Critics have taken fight over Idaho wolf laws to courts. How many lawsuits are there?
BOISE – Months after Idaho lawmakers enacted a controversial law expanding wolf hunting and trapping, pushback from critics has continued, with a cadre of opponents again taking their complaints to the court system.
Groups including the Humane Society of the United States, Earthjustice and Idaho-based International Wildlife Coexistence Network have threatened legal action over this spring’s wolf legislation for months. The new law eliminated Idaho’s 15-per-year wolf hunting and trapping limit and expanded the trapping season to run year-round on private land, among other expansions.
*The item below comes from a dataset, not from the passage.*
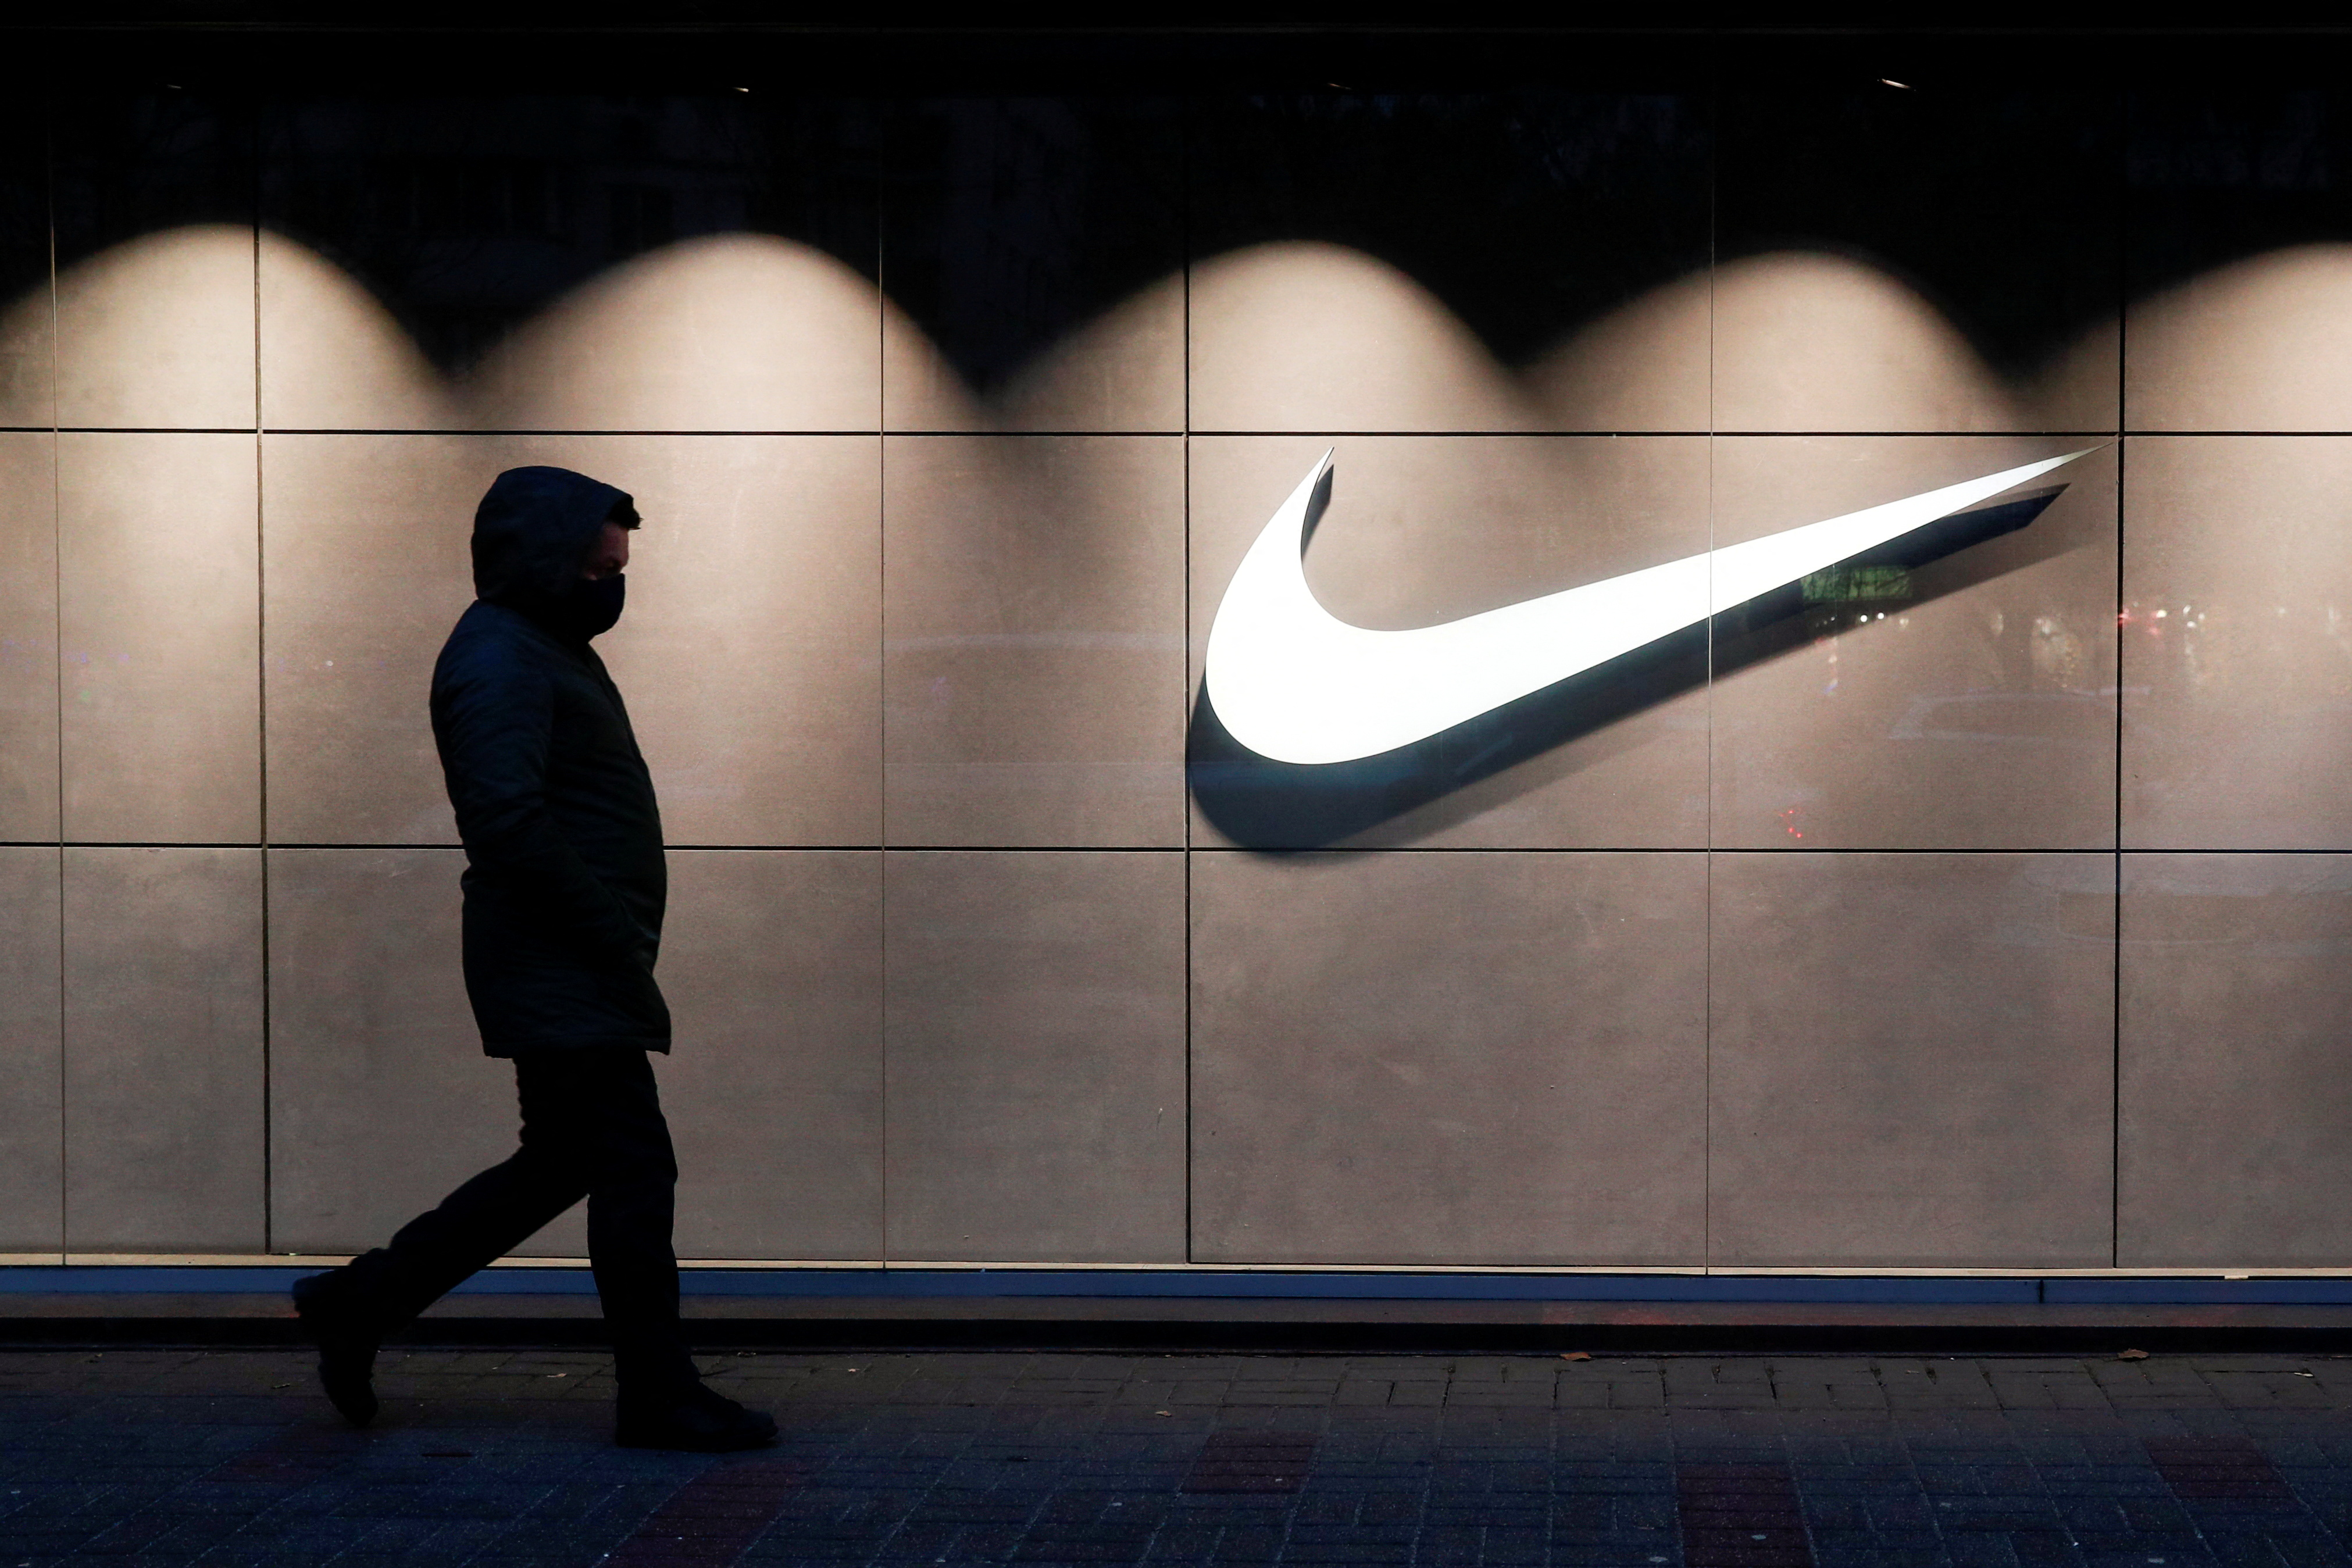 Nike stock tumbles 12% on lowered revenue outlook; Anayst cuts rating

Last week, opponents filed a lawsuit against Gov. Brad Little, Idaho Department of Fish and Game director Ed Schriever and members of the Idaho Fish and Game Commission. Despite the ongoing opposition to Idaho’s wolf laws, this is the first lawsuit filed against Idaho officials.
The litigation focuses on the year-round trapping aspect of bill, arguing that grizzly bears and Canada lynx – both of which are protected under the Endangered Species Act – are at risk of injury or death due to expanded trapping.
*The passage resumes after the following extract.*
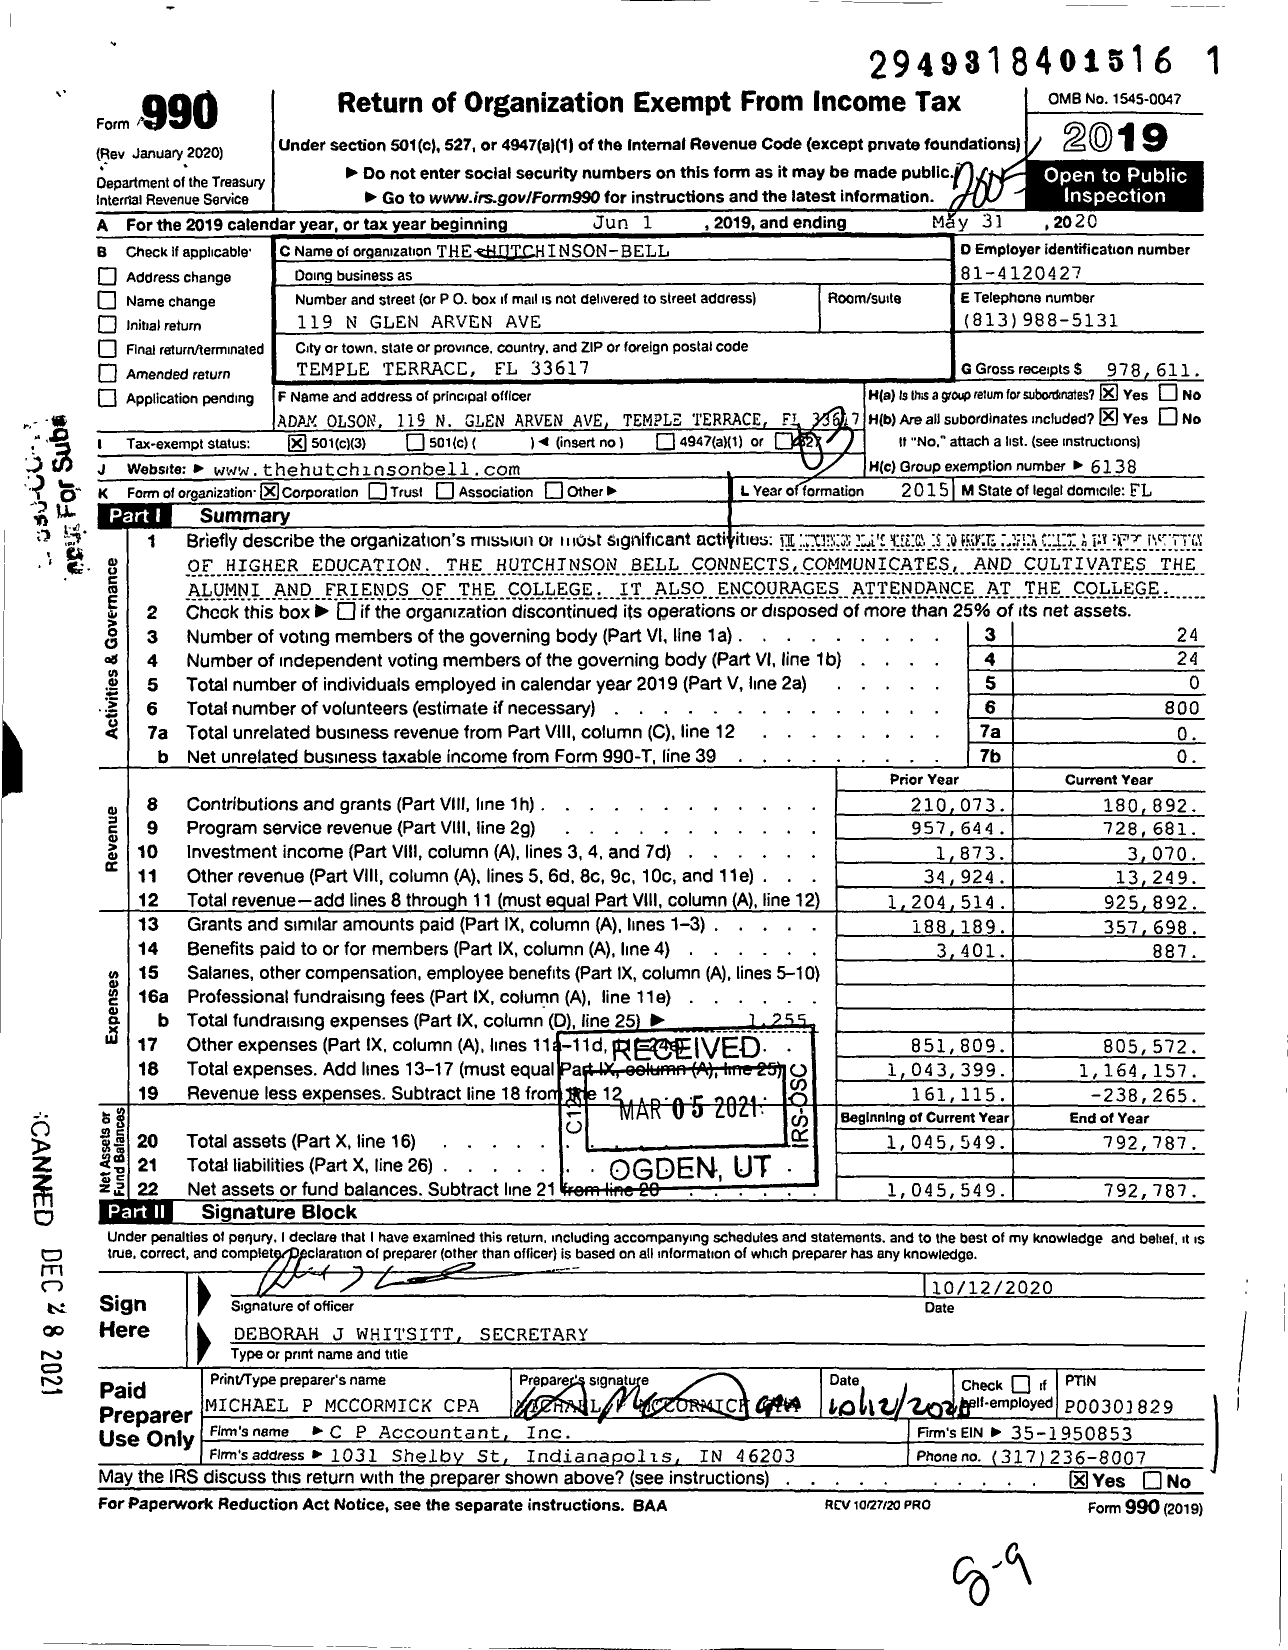 Image of first page of 2019 Form 990 for The-Hutchinson-Bell

Opponents’ other legal actions have triggered federal reviews of wolf protections. Here’s what Idaho is facing and what could happen next.
Lawsuit filed this month
The coalition of groups that filed suit against Idaho officials on Dec. 6 first warned of its plans in July with a 60-day Notice of Intent. The groups served a similar notice to Montana officials over the state’s trapping law. Patrick Kelly, spokesperson for the Western Watersheds Project – one of the 13 organizations in the suit filed last week – said the group waited longer than 60 days to see how Idaho and Montana officials would respond.
In response, Montana’s Fish, Wildlife and Parks commission adjusted how it would implement its wolf trapping in lynx and grizzly habitats. Idaho officials did not respond to the notice.
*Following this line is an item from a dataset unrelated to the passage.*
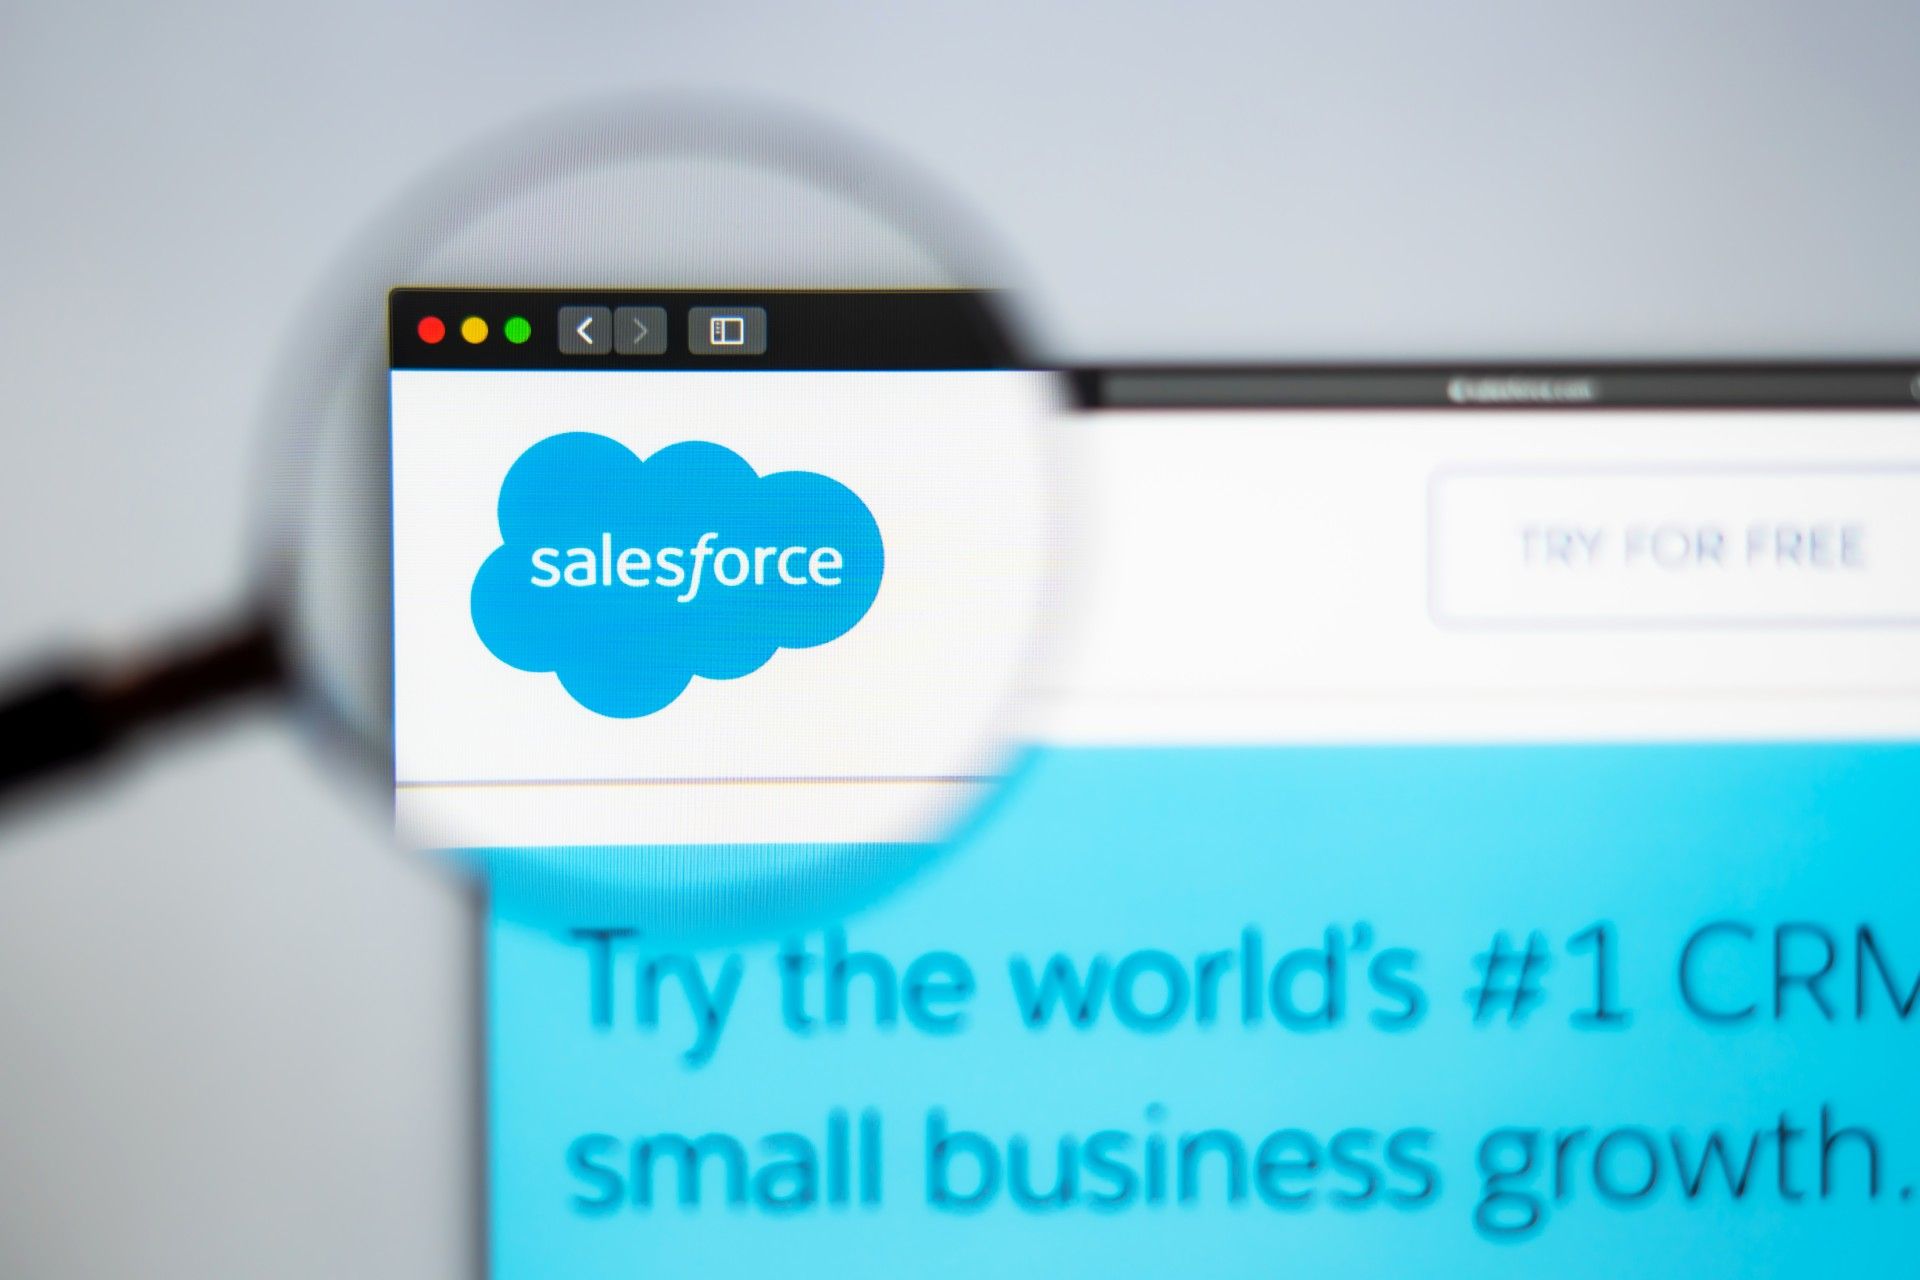 A magnifying glass magnifies the Salesforce logo on the company's website - data breach

The December lawsuit asks the Idaho district court to stop wolf trapping in habitats shared by grizzly bear and lynx until Idaho can ensure trapping and snaring won’t violate the Endangered Species Act.
Ben Scrimshaw, an attorney for Earthjustice, said Idaho officials could find a way to ensure grizzlies and lynx won’t be caught or seek a permit from the U.S. Fish and Wildlife Service for any protected animals that are accidentally caught in traps intended for wolves.
According to the complaint, two grizzlies were killed in 2020 by wolf snares set in Idaho’s panhandle, while five lynx have been trapped since the start of the 2011-12 trapping season. Scrimshaw said the lawsuit won’t alter Idaho’s expanded wolf trapping laws, only impact how they can be implemented.
The Idaho Attorney General’s office will represent the defendants.
Court petitions could still affect laws
Expanded wolf hunting and trapping laws in Idaho and Montana prompted other legal actions that could affect Idaho, but those actions aren’t lawsuits.
In June, many of the same groups involved in the Idaho lawsuit filed a petition with the U.S. Department of Agriculture and U.S. Forest Service that asked the agencies to restrict Idaho from implementing its new hunting and trapping rules in federal wilderness areas. The groups argued that increased hunting and trapping “will degrade wilderness character.”
Kelly said there has been no action from the Forest Service on the petition.
The groups also filed a petition in June for the U.S. Fish and Wildlife Service to relist gray wolves as a protected species under the Endangered Species Act. The species was removed from Endangered Species Act protections in Idaho and placed under state management in 2011, and wolves were removed from the list entirely in November 2020.
Kelly said the petition to relist wolves was also a direct result of Idaho and Montana’s new laws.
In September, the Department of Interior announced it would review the status of wolves to determine if they should be relisted as a protected species.
The department is expected to issue a review of its findings next September.